# Contemplating divorce



## Ambercat (4 mo ago)

.


----------



## BeyondRepair007 (Nov 4, 2021)

Ambercat said:


> OH and I have been married 32 years, 3 adult children, 2 still at home, both in our mid 50's.
> 
> We've spent many years trying to work on our differences without success and over the past 3 years have become incredibly distant and emotionally shut off from each other.
> 
> ...


@Ambercat That's really a tragedy of a marriage. I'm sorry you are in this situation.

I suspect this is closest to the truth of your situation:
"_says he wishes we'd divorced in 2006 and that he isn't the right person for me. _"

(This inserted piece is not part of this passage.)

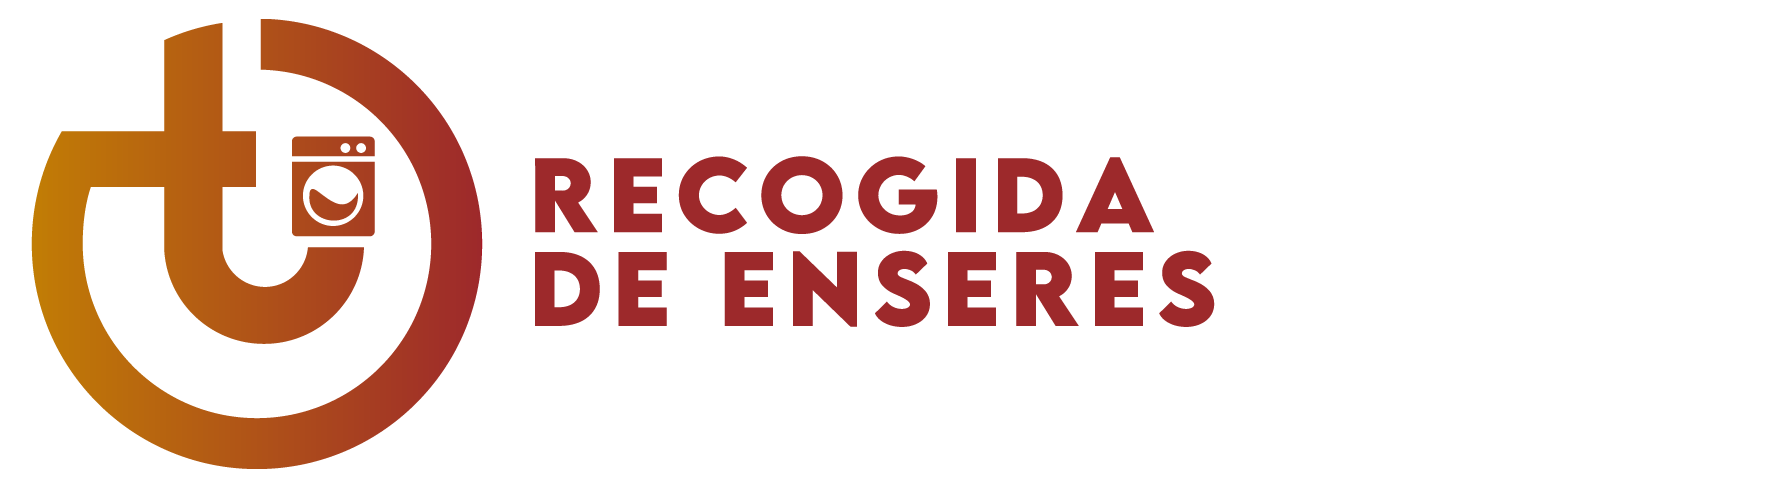 RECOGIDA ENSERES logo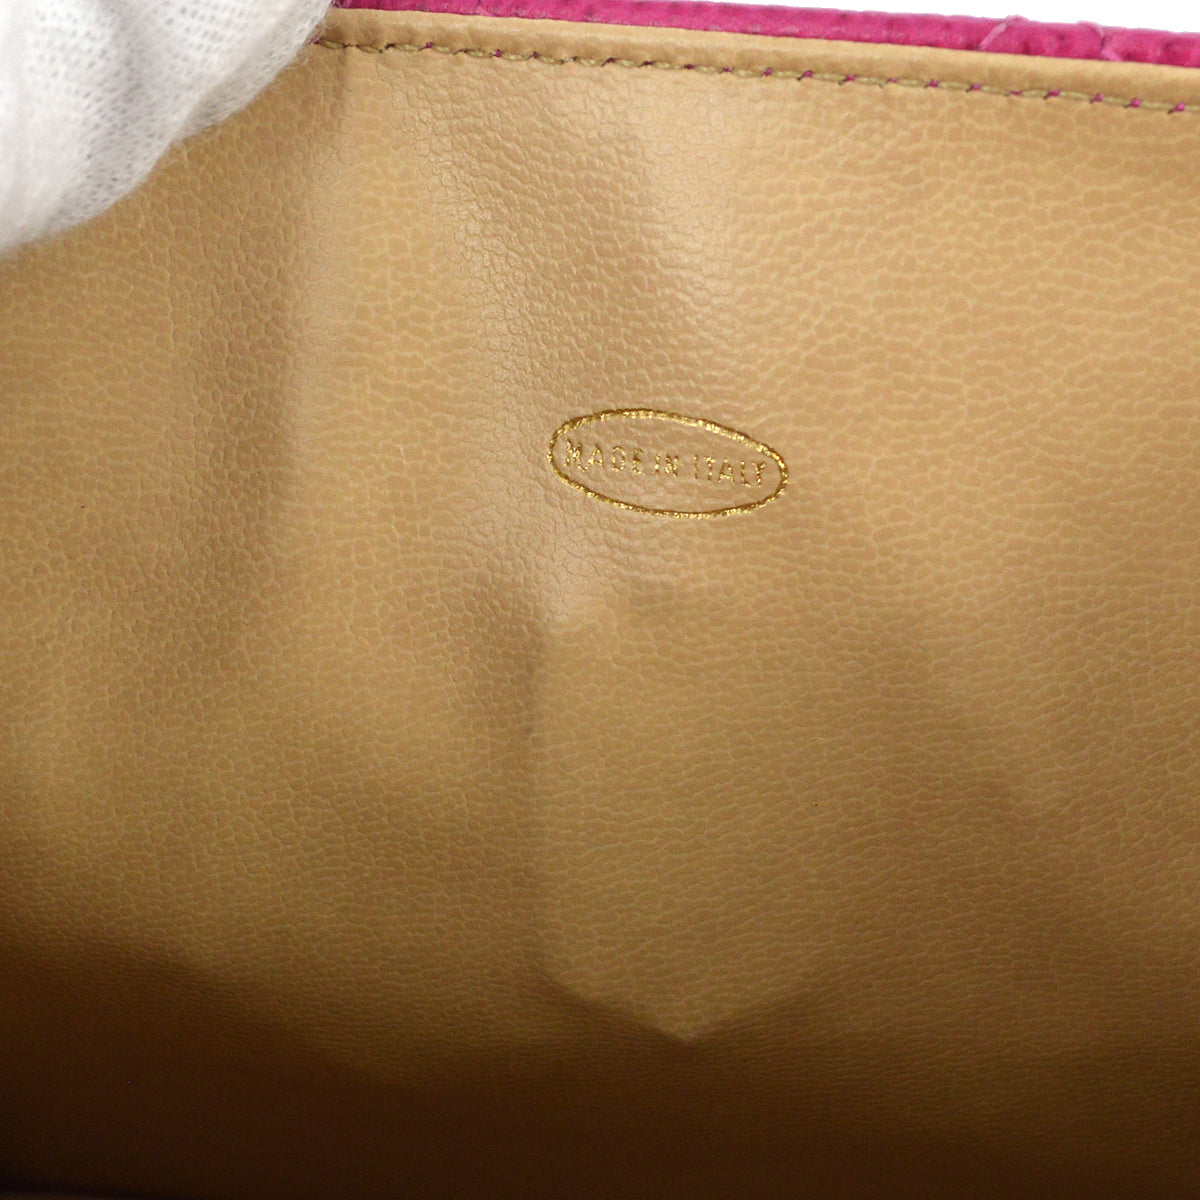 Chanel * 1991-1994 Pink Caviar Mini Straight Flap Bag

32 years will take a lifetime to get over if you do divorce. Is there any chance of making counseling a permanent part of your lives? Things got better during the counseling years, right? But not fixed. Can you try again with a different/better counselor? And keep them in your life, don't stop until a permanent change is apparent.

I went to MC, the good kind with letters after her name and everything. Her advice was missing the root causes, and I had to figure it out on my own. Not all counselors are bright.

But the reality of the situation is that your marriage likely died many years ago and you both have been on life support since then. Pulling the plug may be merciful.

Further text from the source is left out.